====== Supplied material

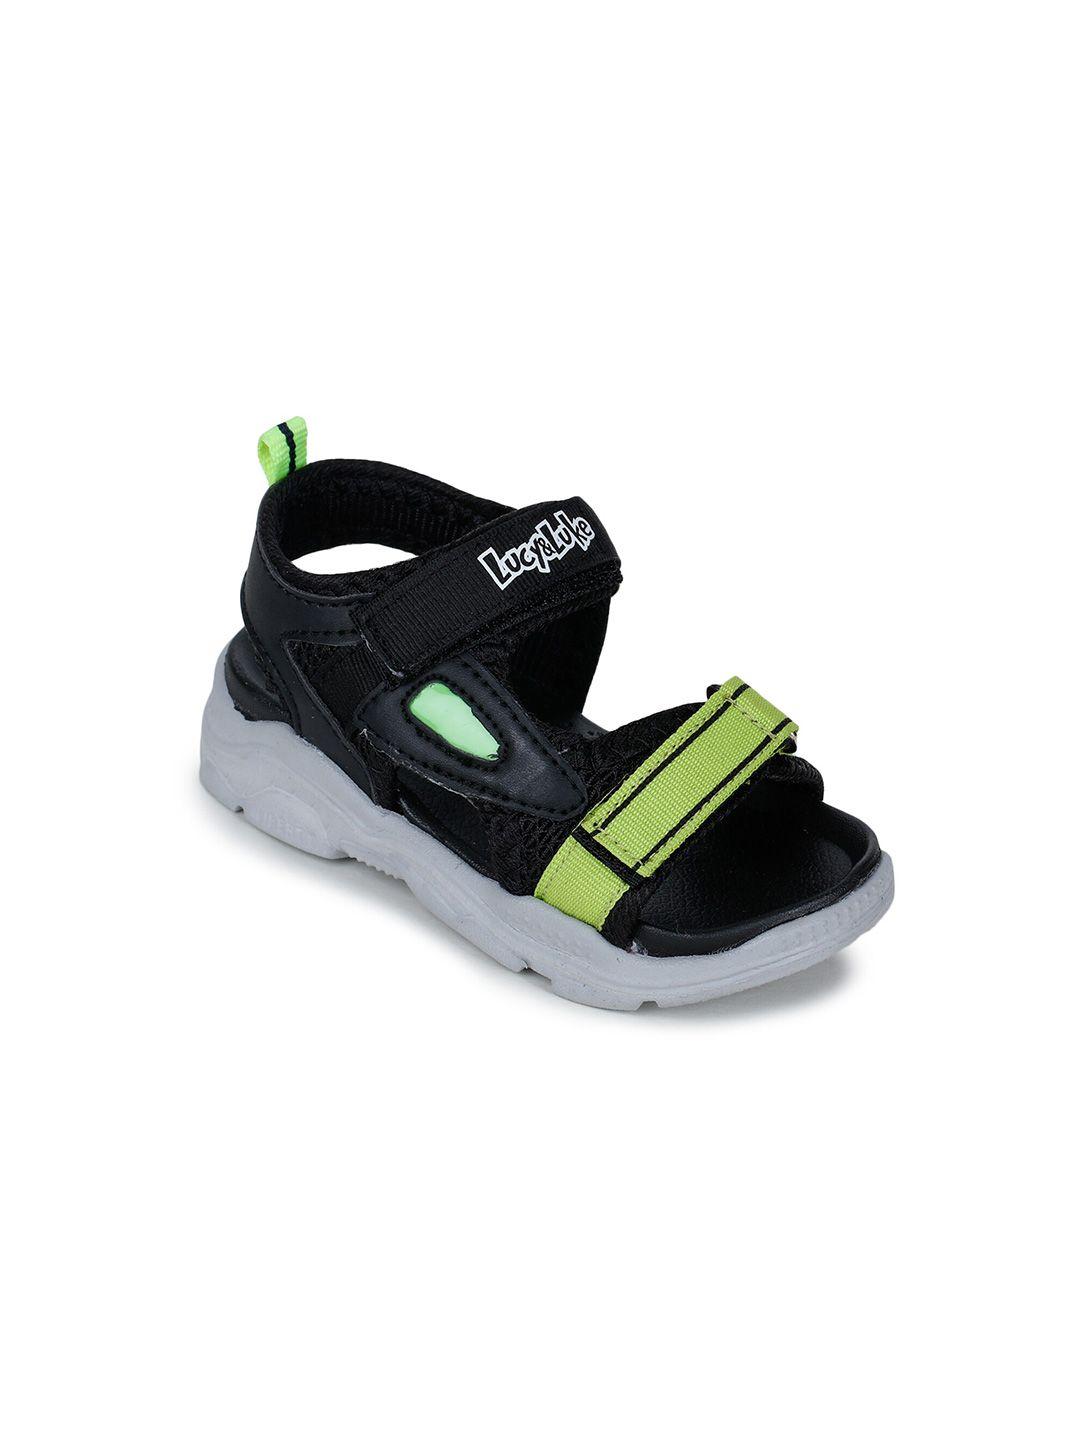 liberty unisex kids black & green comfort sandals
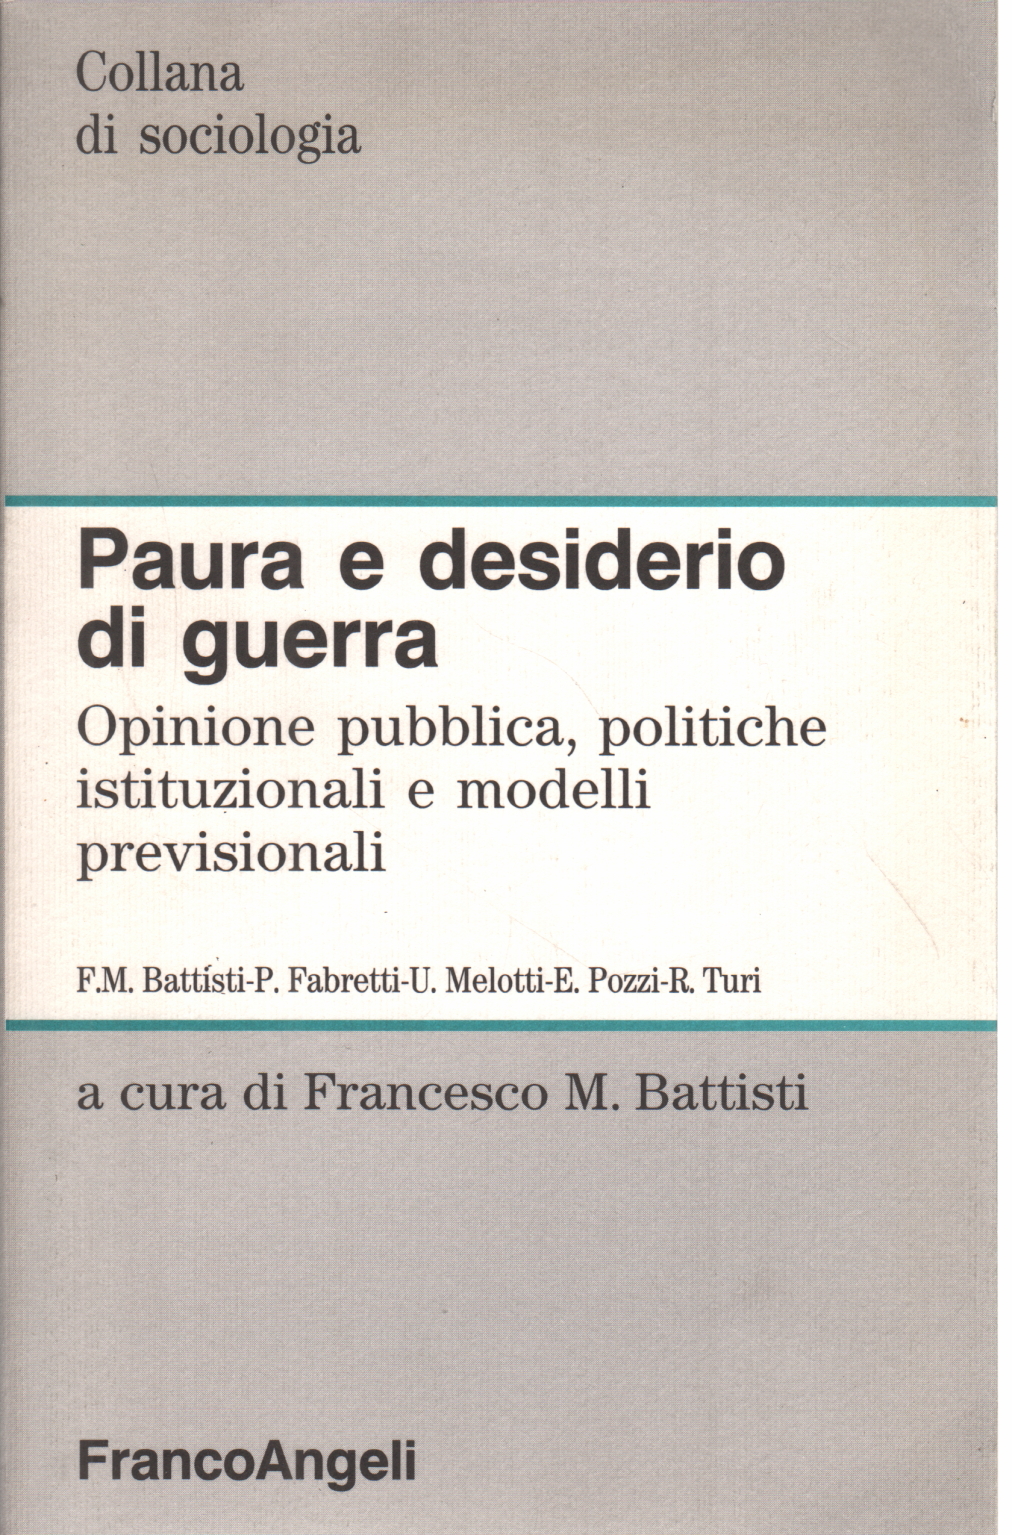 Fear and desire war, Francesco M. Battisti
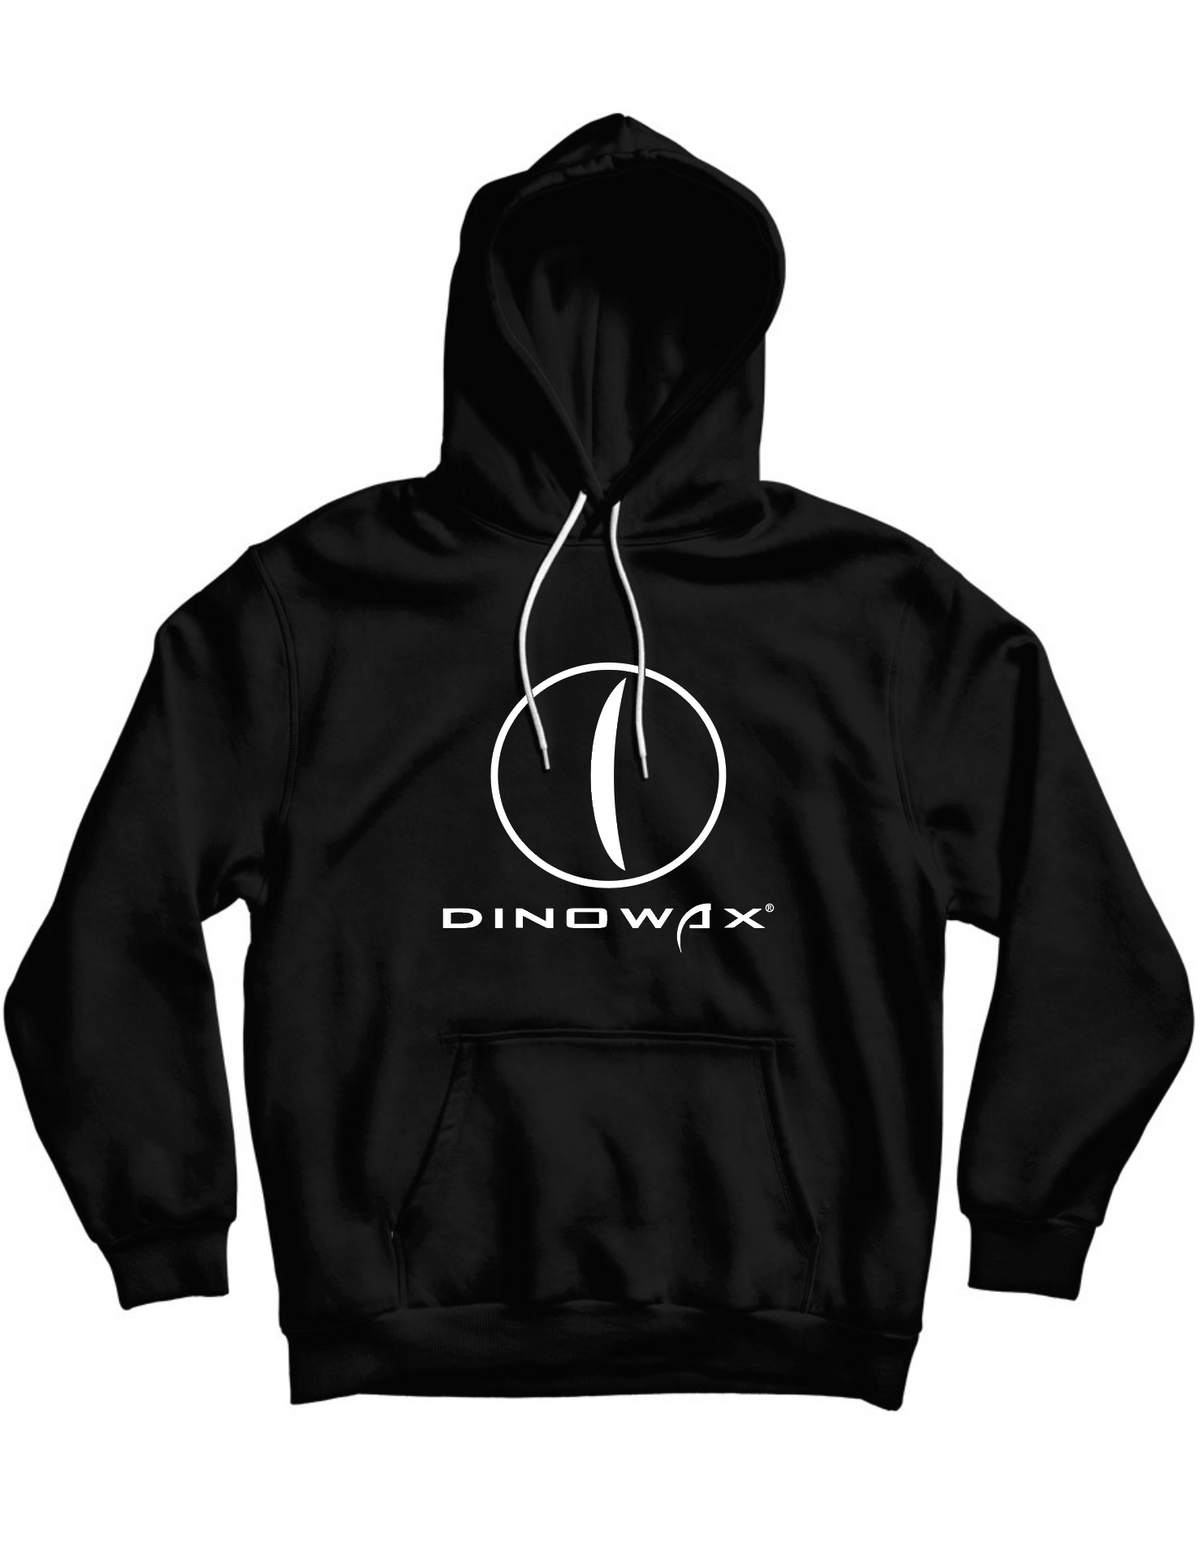 Dinowax Black Pullover Hoodie
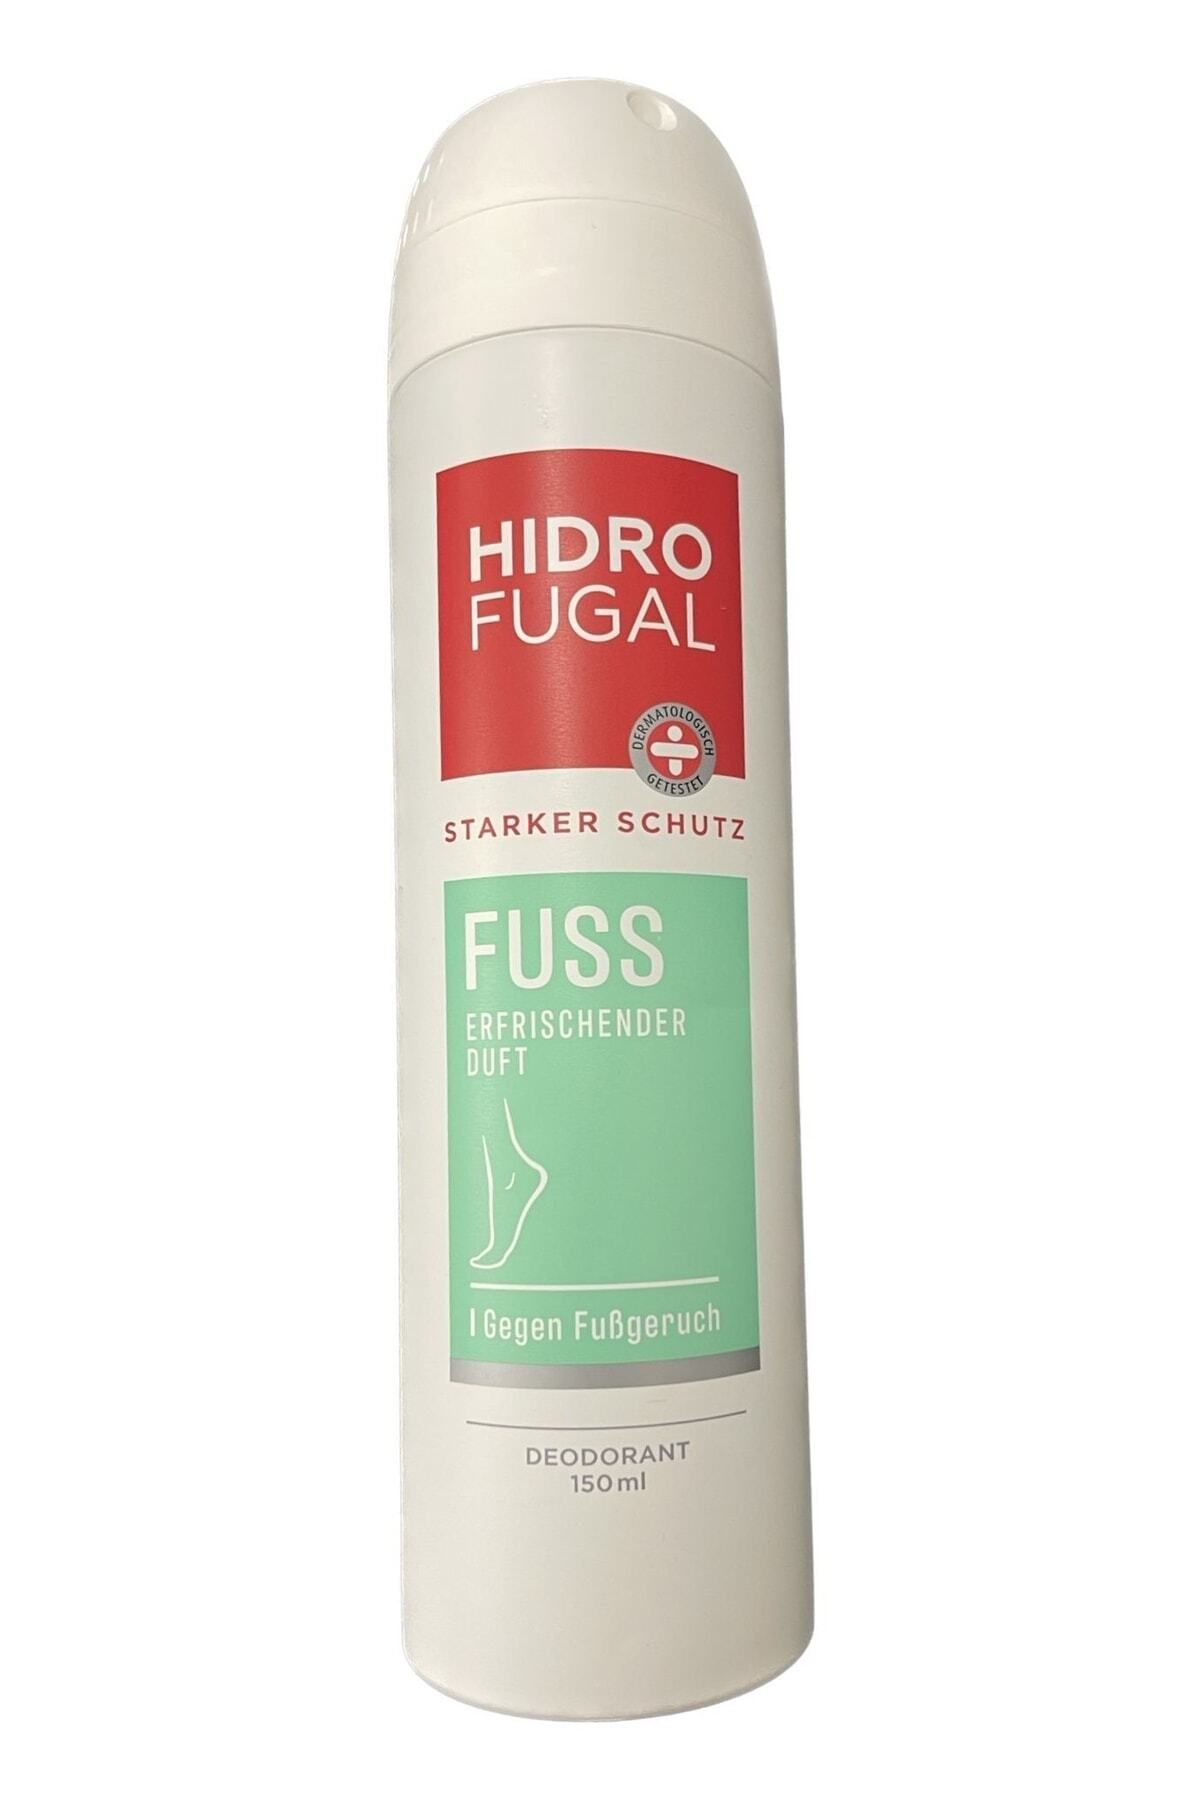 Hidro Fugal Hidrofugal Fuss Sprey Deodorant 150 Ml

============

** What the exercise asks **
Once the pictures have been removed, reproduce each line of the material above exactly.

** Solved exercise **
 liberty unisex kids black & green comfort sandals
 Fear and desire war, Francesco M. Battisti
 Dinowax Black Pullover Hoodie
 Hidro Fugal Hidrofugal Fuss Sprey Deodorant 150 Ml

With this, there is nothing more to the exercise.